Biscayne National Dump

What do you do with that funky old Chris Craft? Cut her loose in a beautiful, parklike setting.

For months officials at Biscayne National Park have been fretting over the proposed expansion of the South Dade Landfill, a squeezed-to-capacity dump that seeps untold gallons of toxic run-off into the park's fragile underwater ecosystem. But chief ranger Wayne Landrum says the throwaway mentality that built Mount Trashmore has done more than unleash migrating leachate. It's turned the bay itself into a veritable junkyard littered with derelict vessels, aging shipwrecks, and enough garbage to keep the turtles off Elliott Key from paddling ashore to nest.

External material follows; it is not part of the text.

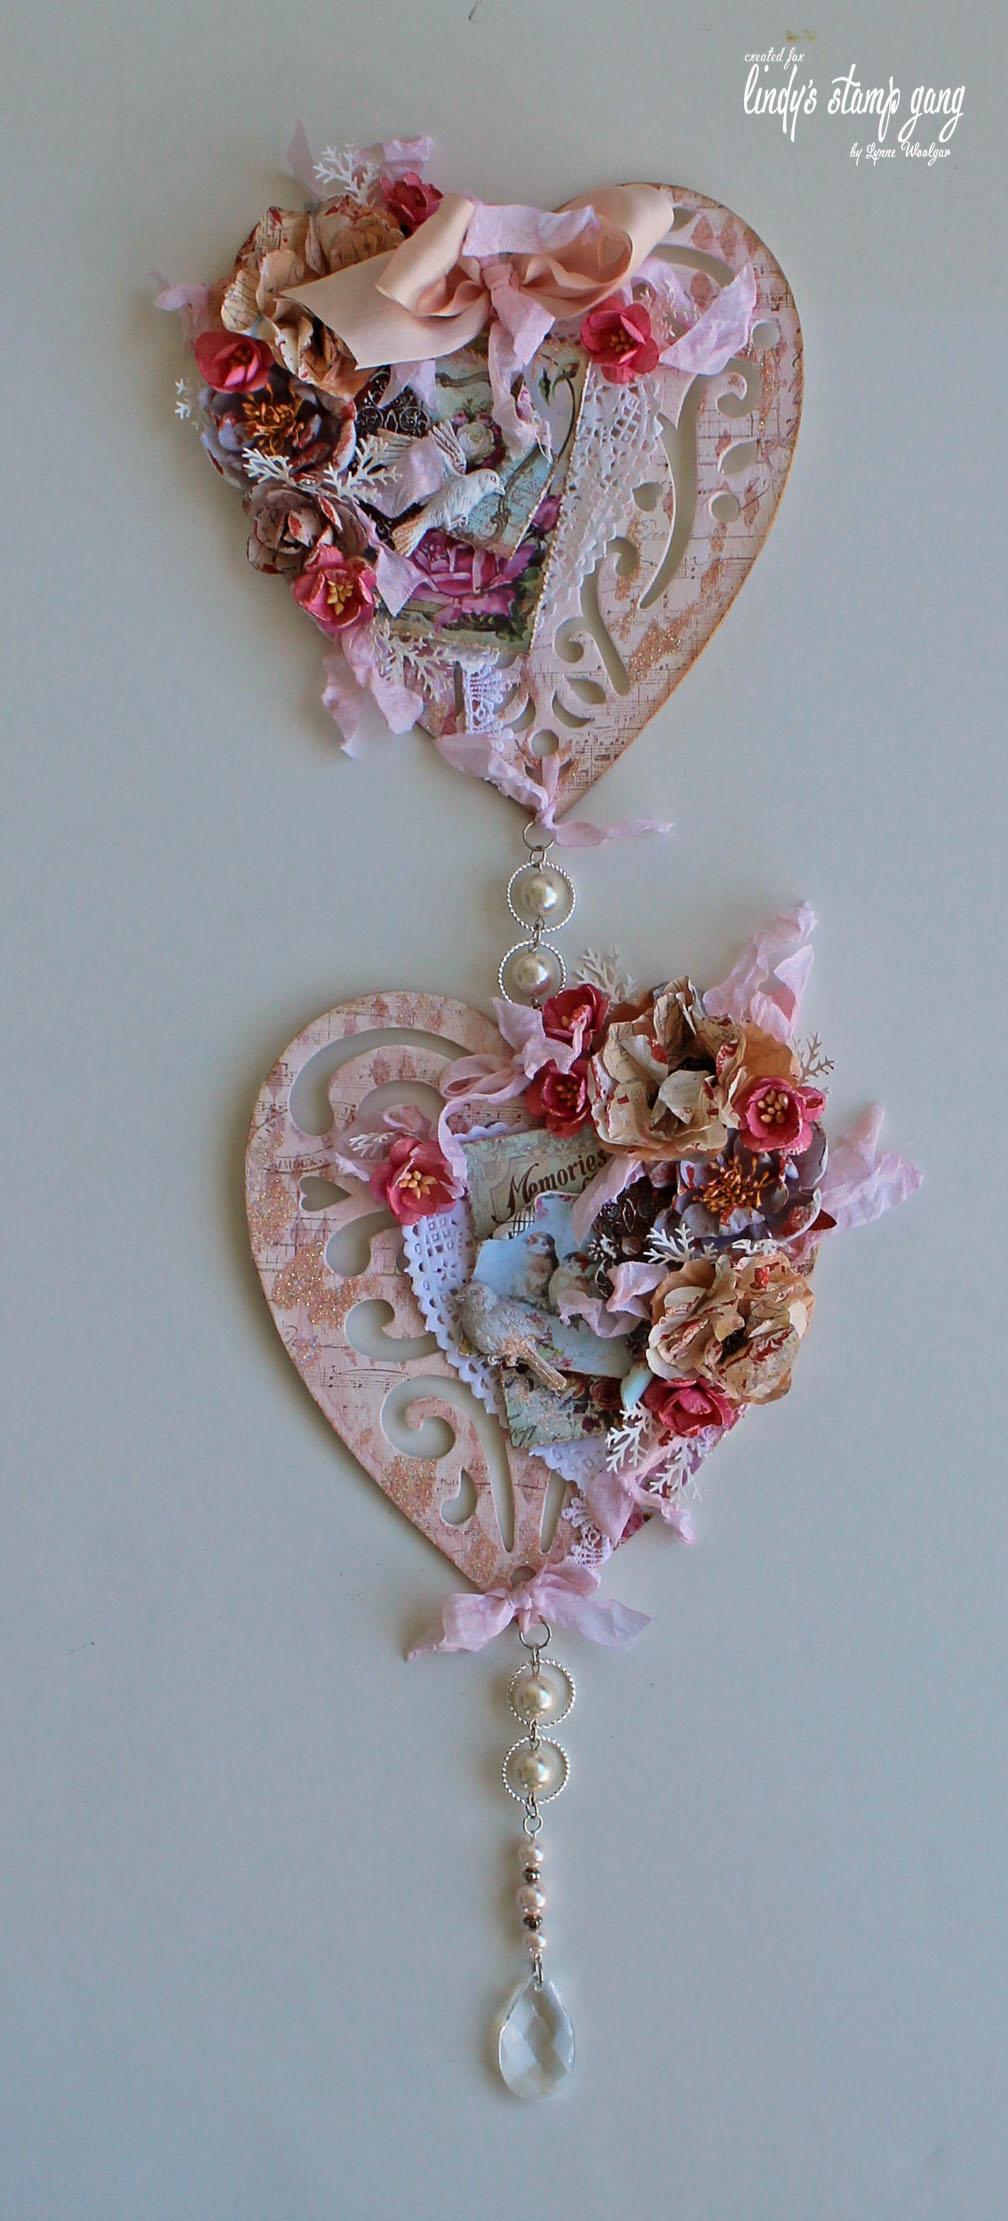 Heart Wall Hanging - Lindy's Gang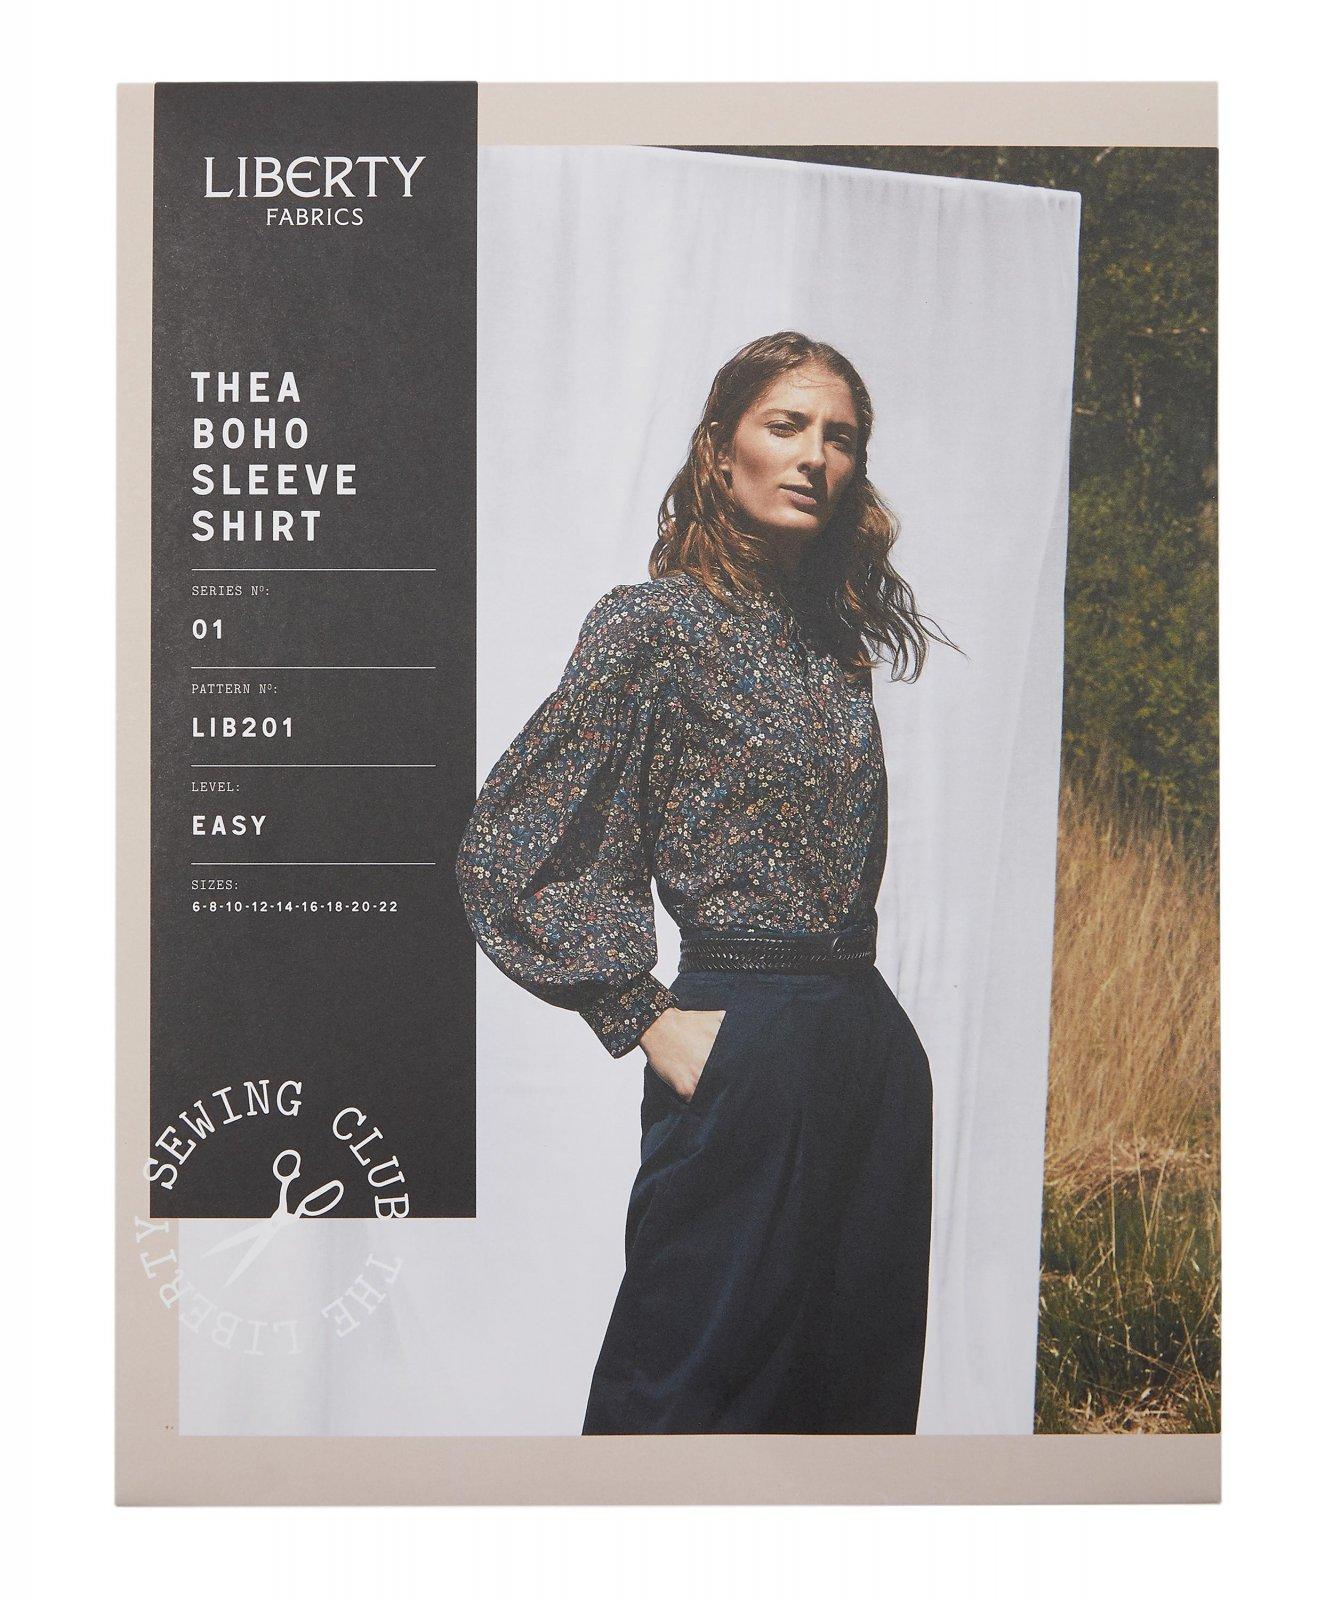 Liberty Fabrics Thea Boho Sleeve Shirt

"This continues to come up year after year," says Landrum, cruising his patrol boat past a dilapidated trimaran docked in the park's small harbor, nine miles east of Homestead on North Canal Drive. "We get people abandoning vessels like this, just leaving them for us to clean up. They'll scratch the serial numbers off and just cut them loose, like a stolen car. We don't have the money to get rid of this stuff."

Indeed, park superintendent Jim Sanders says the build-up had become so flagrant that the park applied, back in March of 1989, for a $30,000 increase in its base annual budget just to combat floating flotsam. The request is still mired in federal budgetary haggling, which has left the park's clean-up efforts dependent on rarely available county funds. "People still consider the ocean their dump," huffs Sanders, who for a dozen years has overseen the country's only underwater national park. "Now they've moved from throwing away little stuff to whole ships. When we were established, we had a few historical shipwrecks in the park, but we never expected the modern-day trash." He estimates it will cost up to $80,000 to dispose of the current crop of debris, not counting the estimated half-dozen derelict boats that drift into park waters each year.

Add to that the cost of hauling off several huge junk specimens that have become part of the landscape within the 181,500-acre refuge, which extends from Key Biscayne to the northern tip of the Florida Keys. The megalitter includes an 87-foot yacht that ran aground two years ago, a Haitian freighter whose remains rise like a hurricane-savaged houseboat east of Soldier Key, and -- the crowning touch -- a 30-by-60-foot barge a mile south of Key Biscayne. Landrum says the barge, probably used to build one of the dozen raised weekend homes known as Stiltsville and now piled high with rubbish, will cost tens of thousands of dollars to dismantle.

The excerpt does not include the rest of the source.